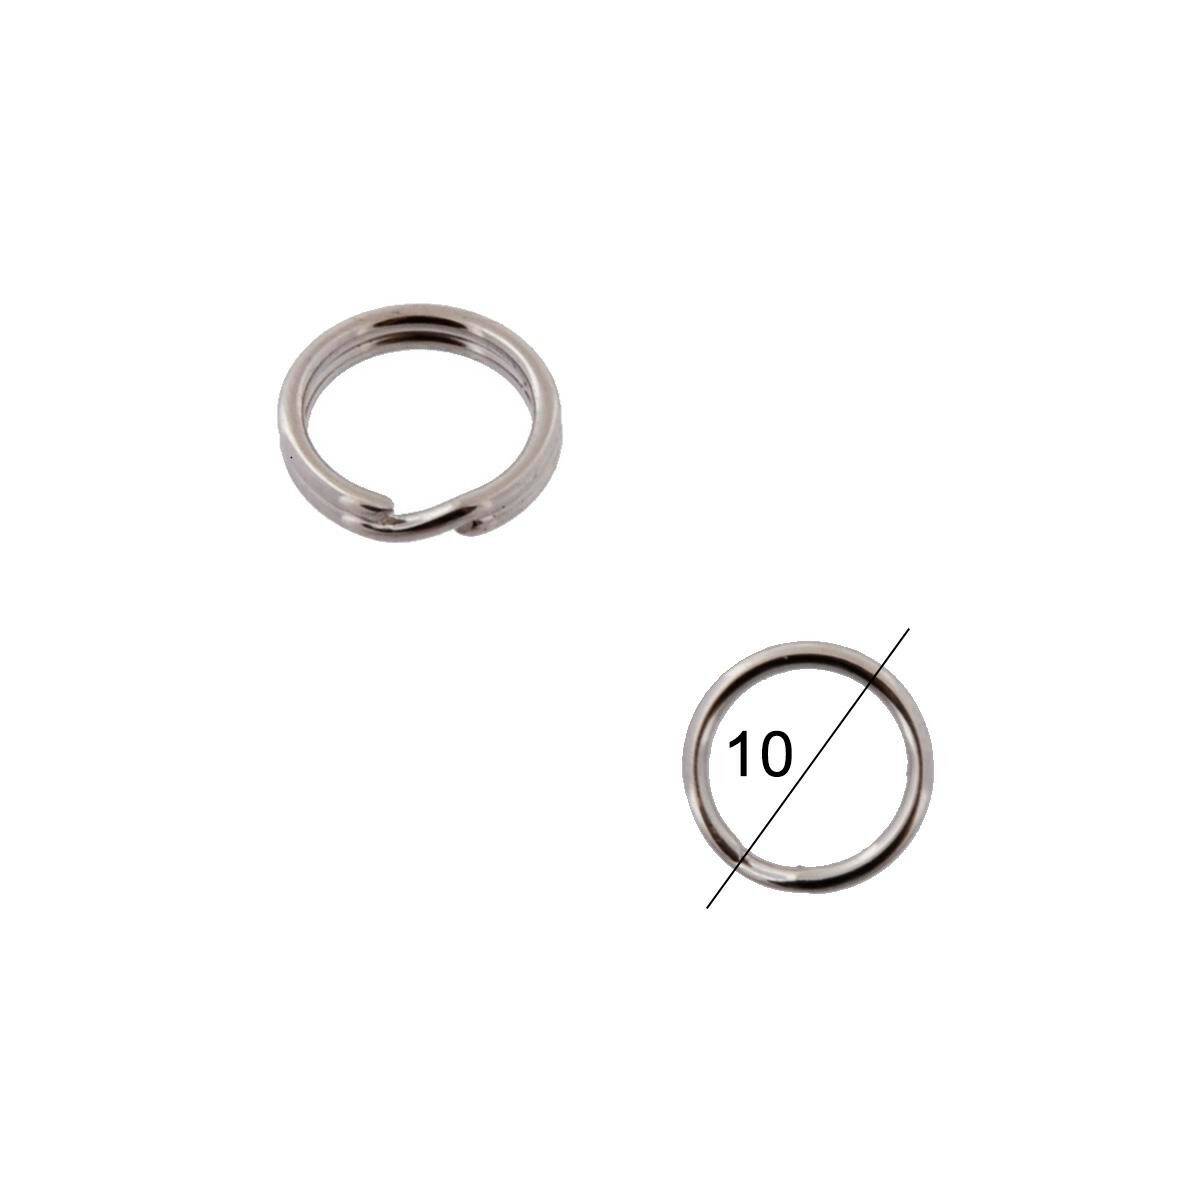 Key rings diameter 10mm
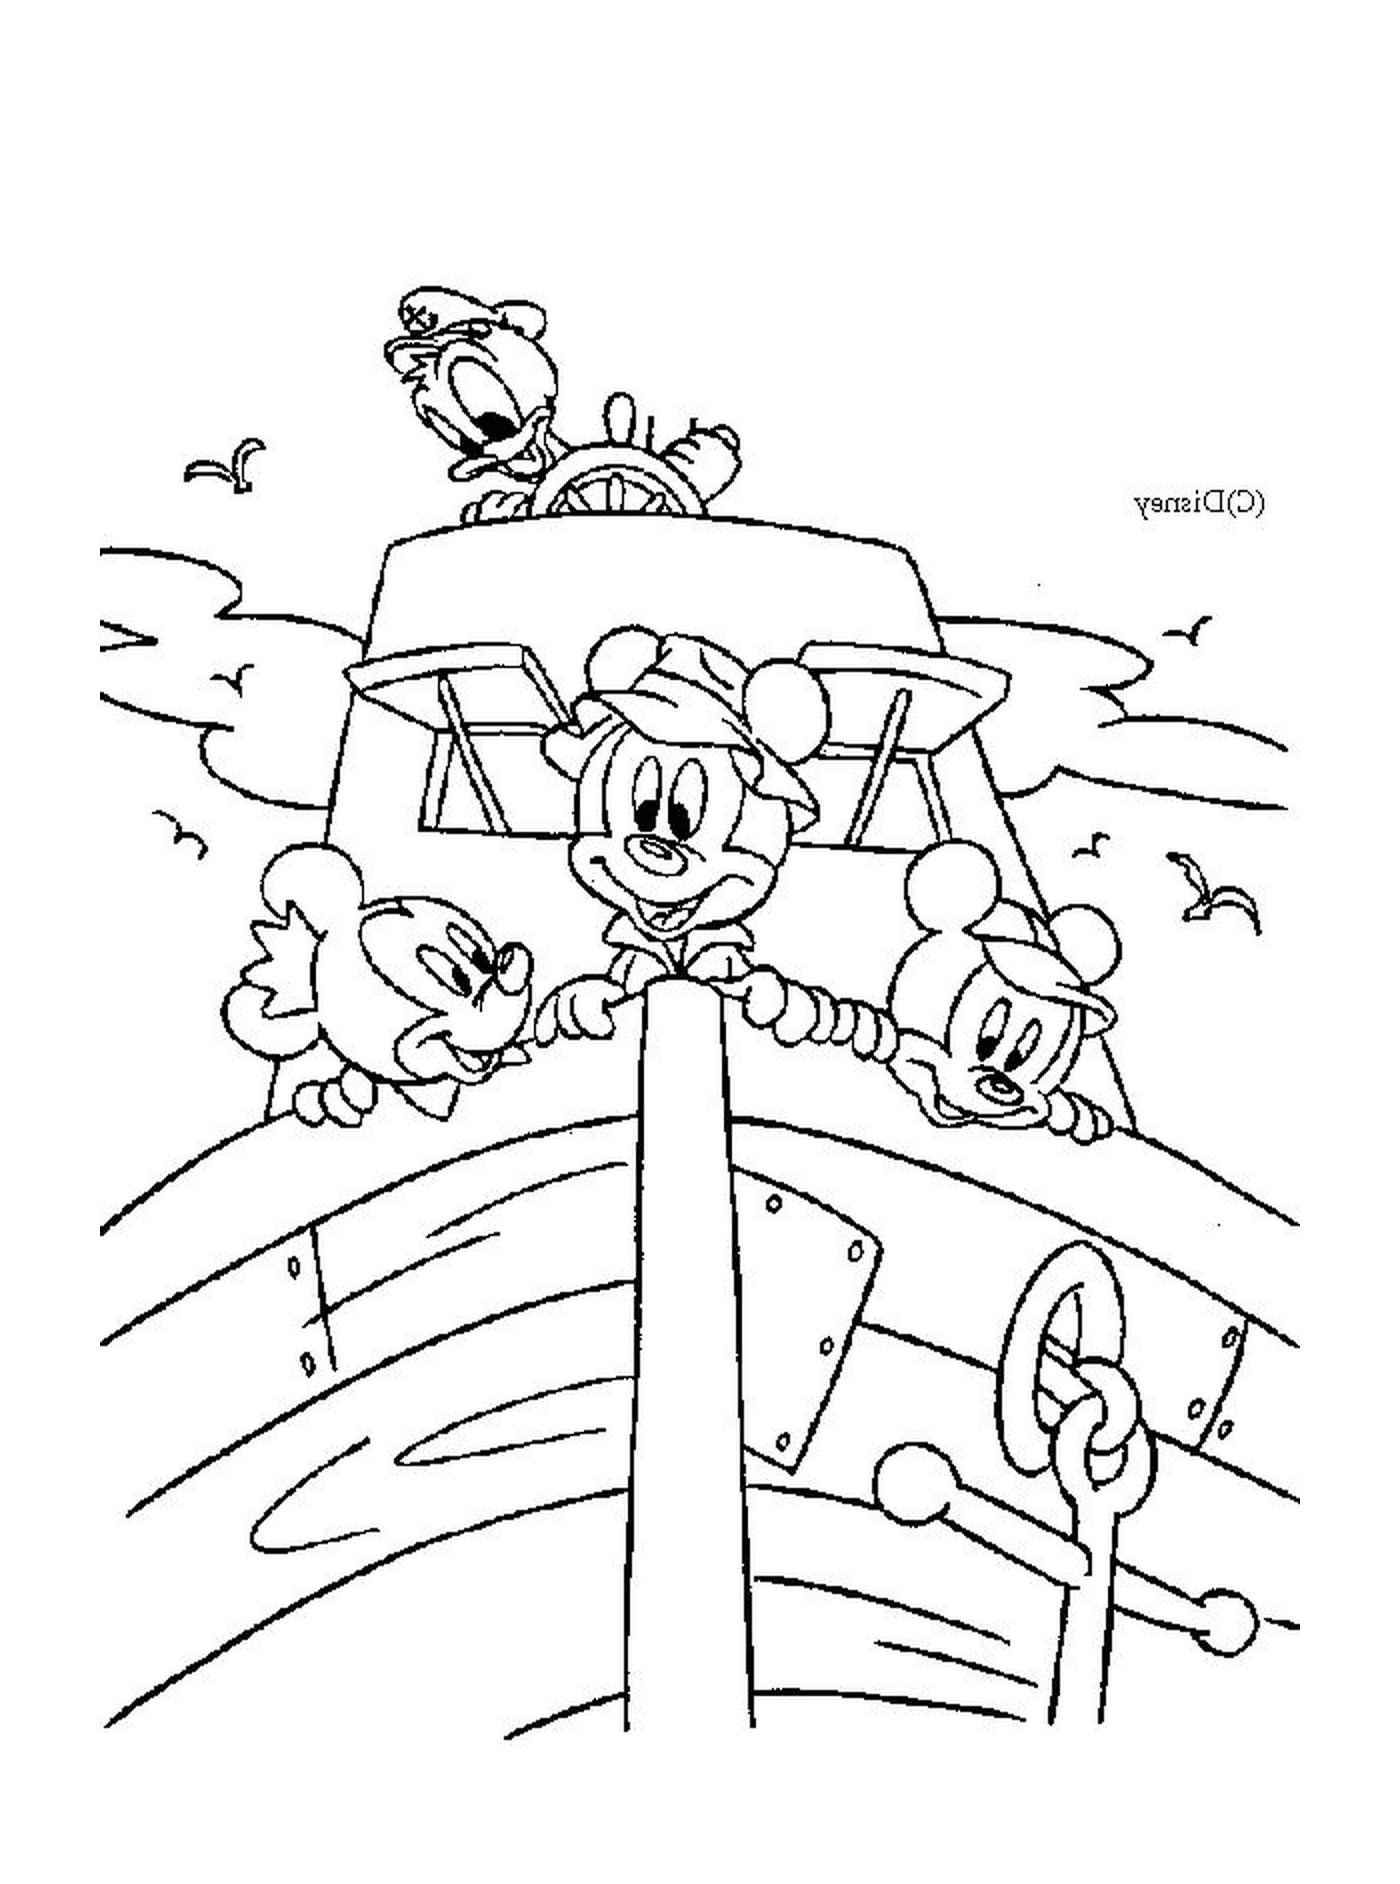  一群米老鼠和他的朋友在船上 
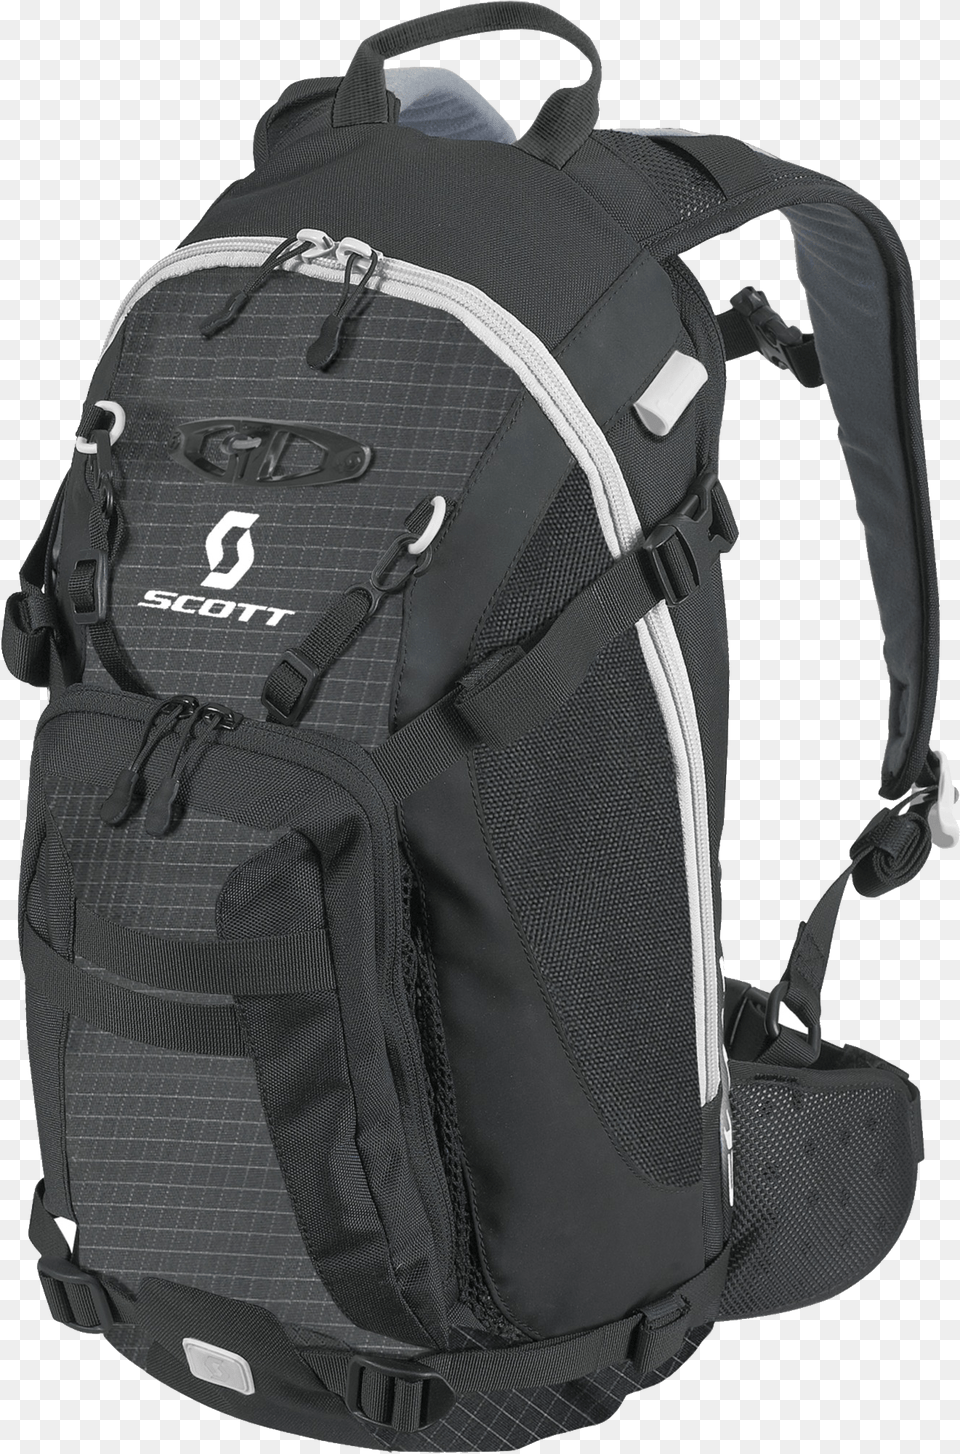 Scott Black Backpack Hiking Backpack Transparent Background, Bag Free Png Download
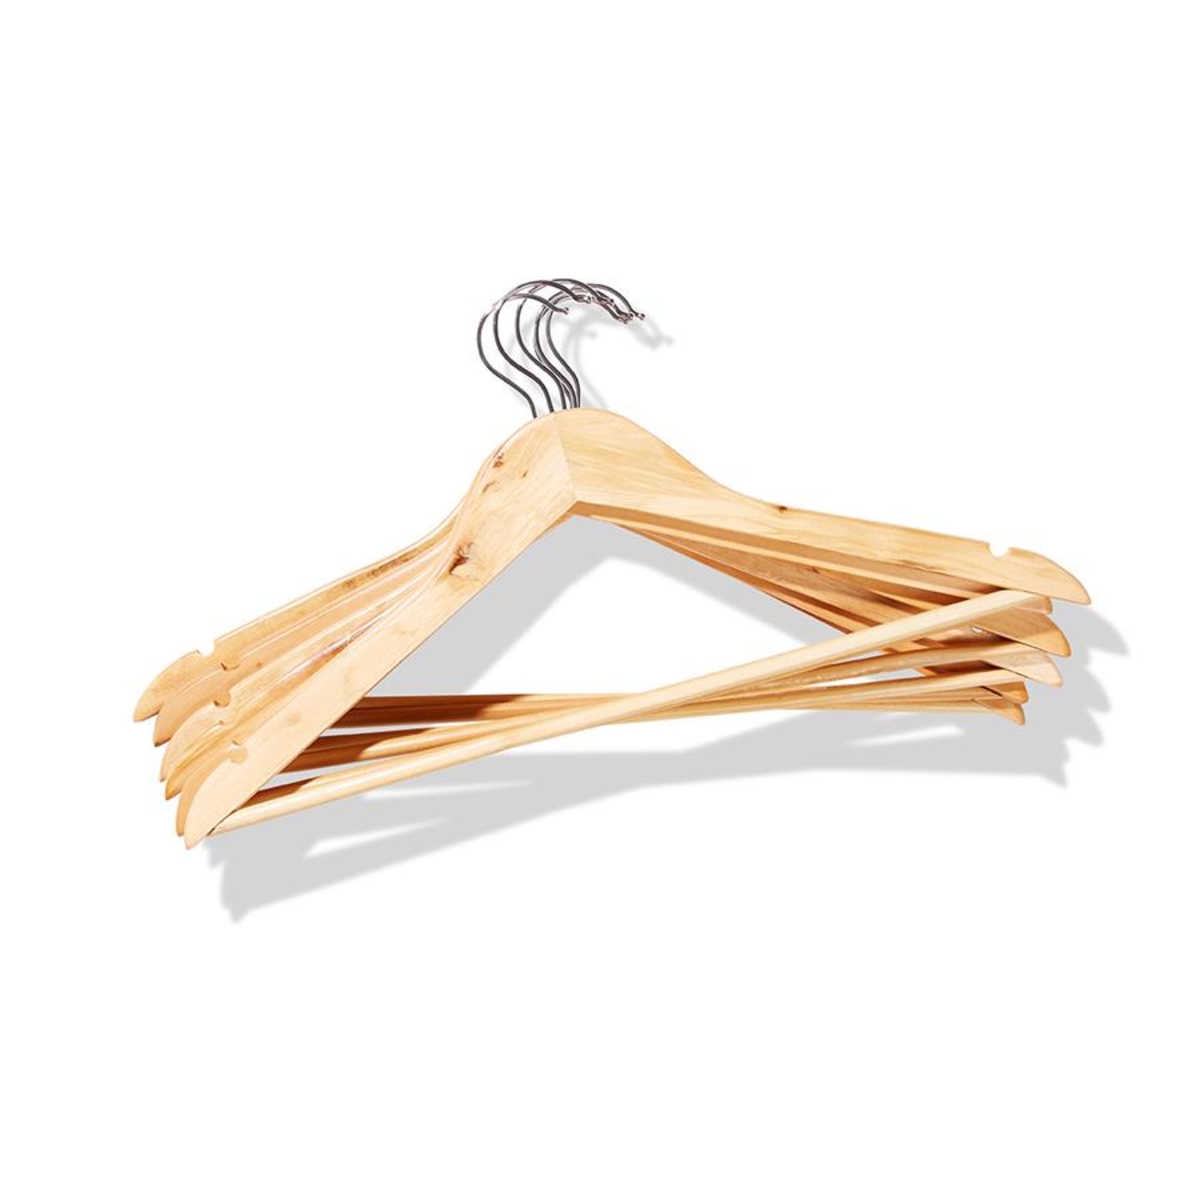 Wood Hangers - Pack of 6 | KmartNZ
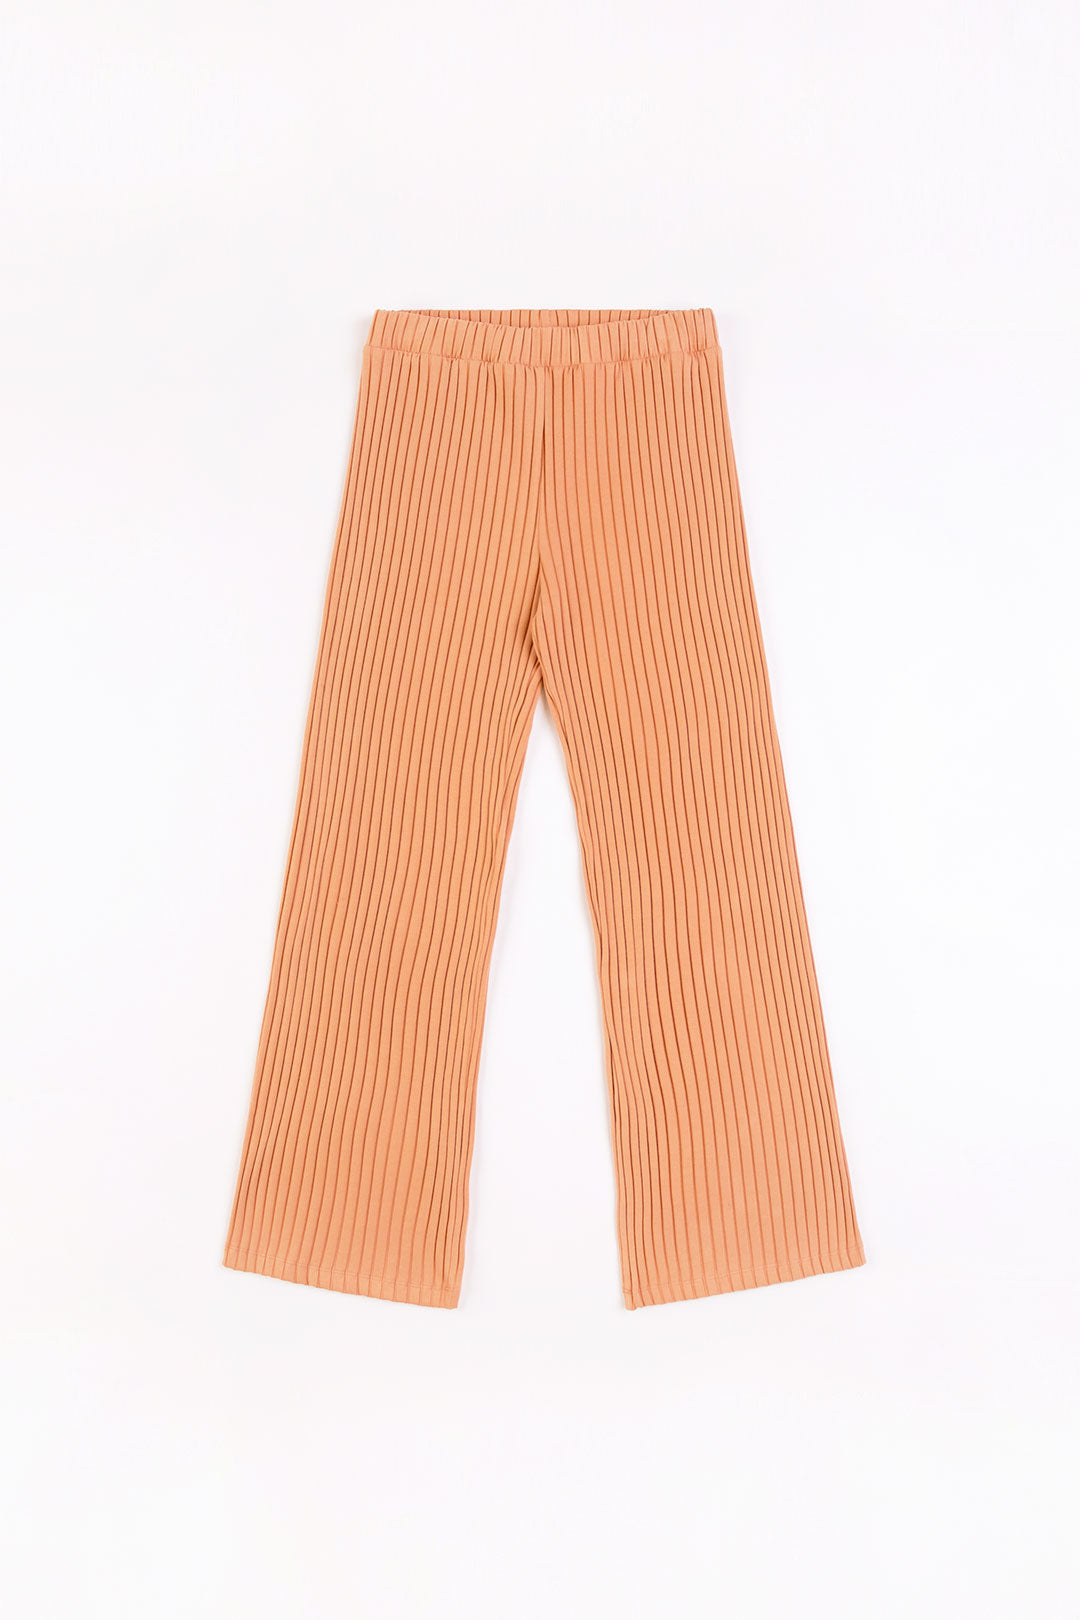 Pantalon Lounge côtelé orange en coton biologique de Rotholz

☆ ☆ ☆ ☆ ☆ ☆ ☆

▸ How to complete this task:
Every line from the one with "Wood Hangers - Pack of 6 | KmartNZ" through the last line of the data must be copied exactly. Leave the pictures out.

▸ Written response:
 Wood Hangers - Pack of 6 | KmartNZ
 Pantalon Lounge côtelé orange en coton biologique de Rotholz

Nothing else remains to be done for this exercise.